Тришкина замолчала. Я не задавал никаких вопросов. На моих глазах человек заново пережил трагический перелом в своей жизни.
Таисия Александровна горько усмехнулась:
— Говорят, быльём поросло… Нет, товарищ прокурор, все в нас. Только не думаешь об этом. Жизнь требует своего… Одно могу сказать: я была бы преступницей, наверное, если бы не дала Павлику жизнь…
— Простите, я вас не понял. Какому Павлику?
— Ах да, вы же не знаете… Сыну. — Она грустно улыбнулась. — Отец его Павел. Павел Павлович Белоцерковец.
— Расскажите ещё о себе, — попросил я.
— Что вы, не интересно, наверное.
— Почему же, очень интересно.
— Поздно ведь…
Я посмотрел на часы. Начало двенадцатого. Время пролетело совершенно незаметно.
— Где вы остановились, Таисия Александровна?
Она пожала плечами:
— Нигде… Да вы не беспокойтесь, я поищу кого-нибудь из старых знакомых. В крайнем случае — перебьюсь на вокзале.
— Нет, так я вас отпустить не могу.
Тришкина протестовала, но я настоял на своём. Позвонил в гостиницу. Там сказали, что, возможно, освободится один номер. Это выяснится скоро, и мне сообщат.
— У нас есть немного времени, — сказал я Тришкиной. — Все равно ждать… Как вы попали в Чирчик?
— О, это целая история. Как в жизни бывает: не хотелось мне жить, а судьба решила иначе… Другие дрались, цеплялись за неё, а погибли… Папу эвакуировали с заводом. Мать уехала с ним, а я потерялась. Бомбили Лосиноглебск страшно. Несколько раз в день… Мы с мамой бежали на вокзал вместе. Вдруг тревога. Она тянет в бомбоубежище, а я как полоумная бросилась бежать, сама не знаю куда… Опомнилась, когда отбомбили. Искала мать, не нашла. Побежала на вокзал, и перед самым моим носом ушёл состав… Вернулась я домой, а дома нет. Яма в земле. Что делать? Люди идут куда-то, я с ними. Сегодня одни, завтра другие… В окружение я не попала… Вот, не поверите, думала: пусть лучше убьют — такая усталость, безразличие… Знаете, когда я в себя пришла? Когда Павлика по-настоящему под сердцем почувствовала. Сама голодная, оборванная, а думаю: ребёночек-то мой, грех его убивать, не родив. Горелой пшеницей питалась: наши отходили, жгли, чтобы немцам не досталась… Добралась до Ташкента.
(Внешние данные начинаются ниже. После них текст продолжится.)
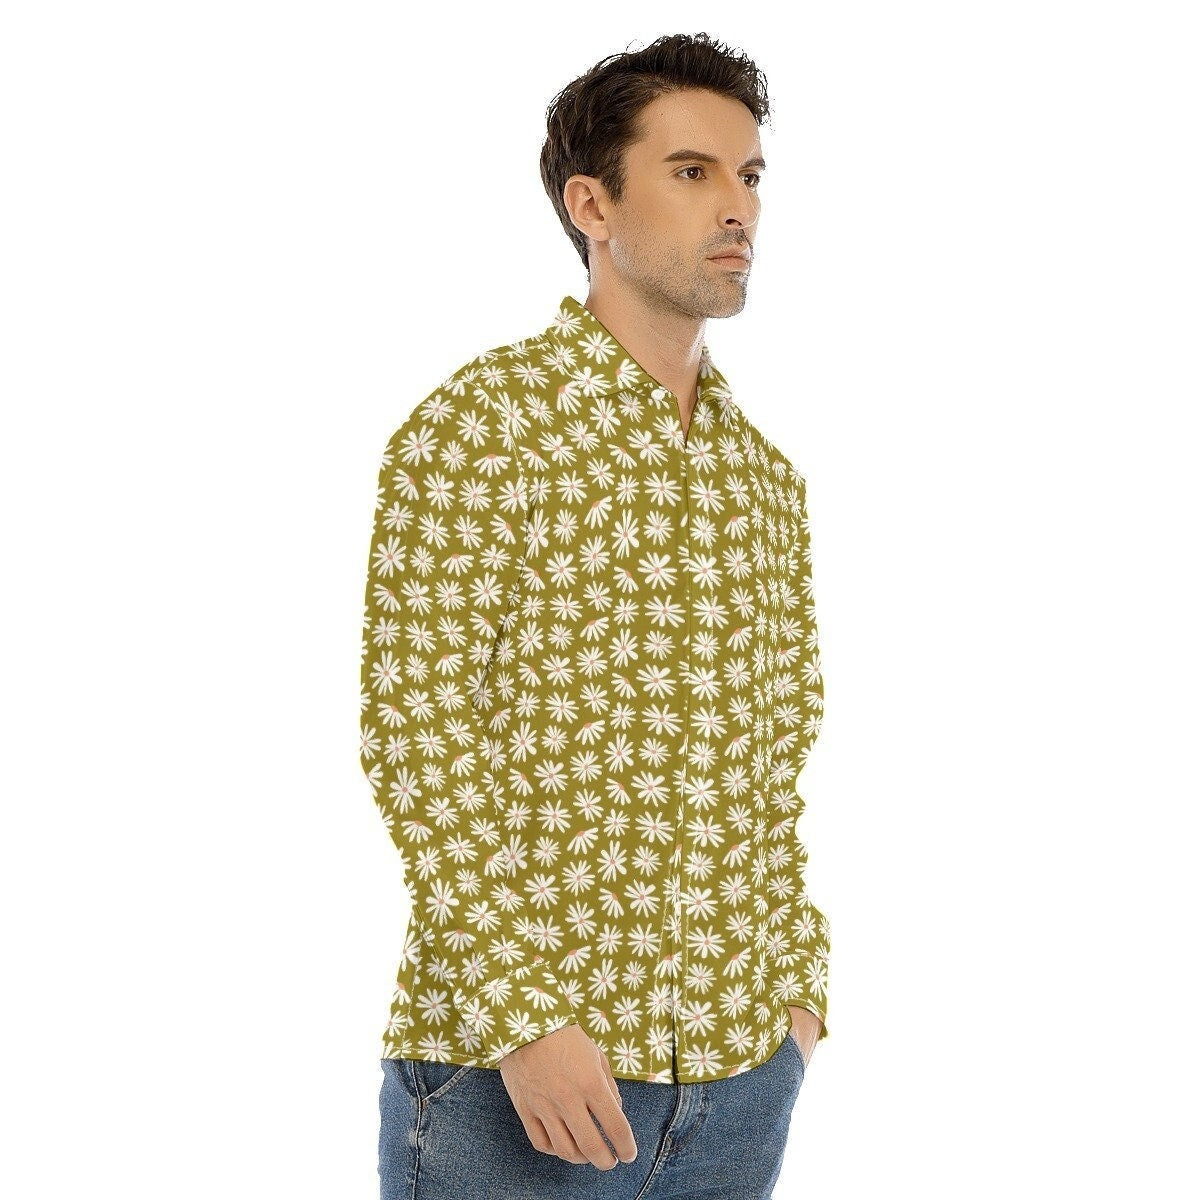 chemise de style vintage des années 70, chemise florale verte pour hommes, vêtements pour hommes des années 70, chemise rétro pour hommes, chemise hippie pour hommes, chemise pour hommes des années 70, chemise inspirée des années 70

А там эвакуированных больше, чем местных… Я вот с таким животом, работать не могу… Что говорить, страшно вспомнить… Людям мы обязаны своим горем, людям же и жизнью, и счастьем… Нашёлся такой человек. Махбуба Ниязова. Павлик называл её Махбуба-биби. По-русски — бабушка Махбуба. Приютила у себя, а когда сын родился, помогла устроиться в госпитале посудомойкой. Специальности ведь никакой, да ещё с ребёнком на руках… В госпитале я и познакомилась с мужем. Его комиссовали. Хороший человек был. Павлика усыновил… Что дальше? После войны окончила сельскохозяйственный техникум. Перебралась в Чирчик. Пыталась разыскать маму, не смогла, видимо, нет её в живых… Муж мой, Тришкин, умер в пятьдесят шестом. Тихий, добрый такой. Без почки и селезёнки жил человек… Вот, собственно, и все.
— А Павлик?
— Павлик на Дальнем Востоке служит. В танковых частях. Уже капитан, внучка родилась летом… — Тришкина улыбнулась.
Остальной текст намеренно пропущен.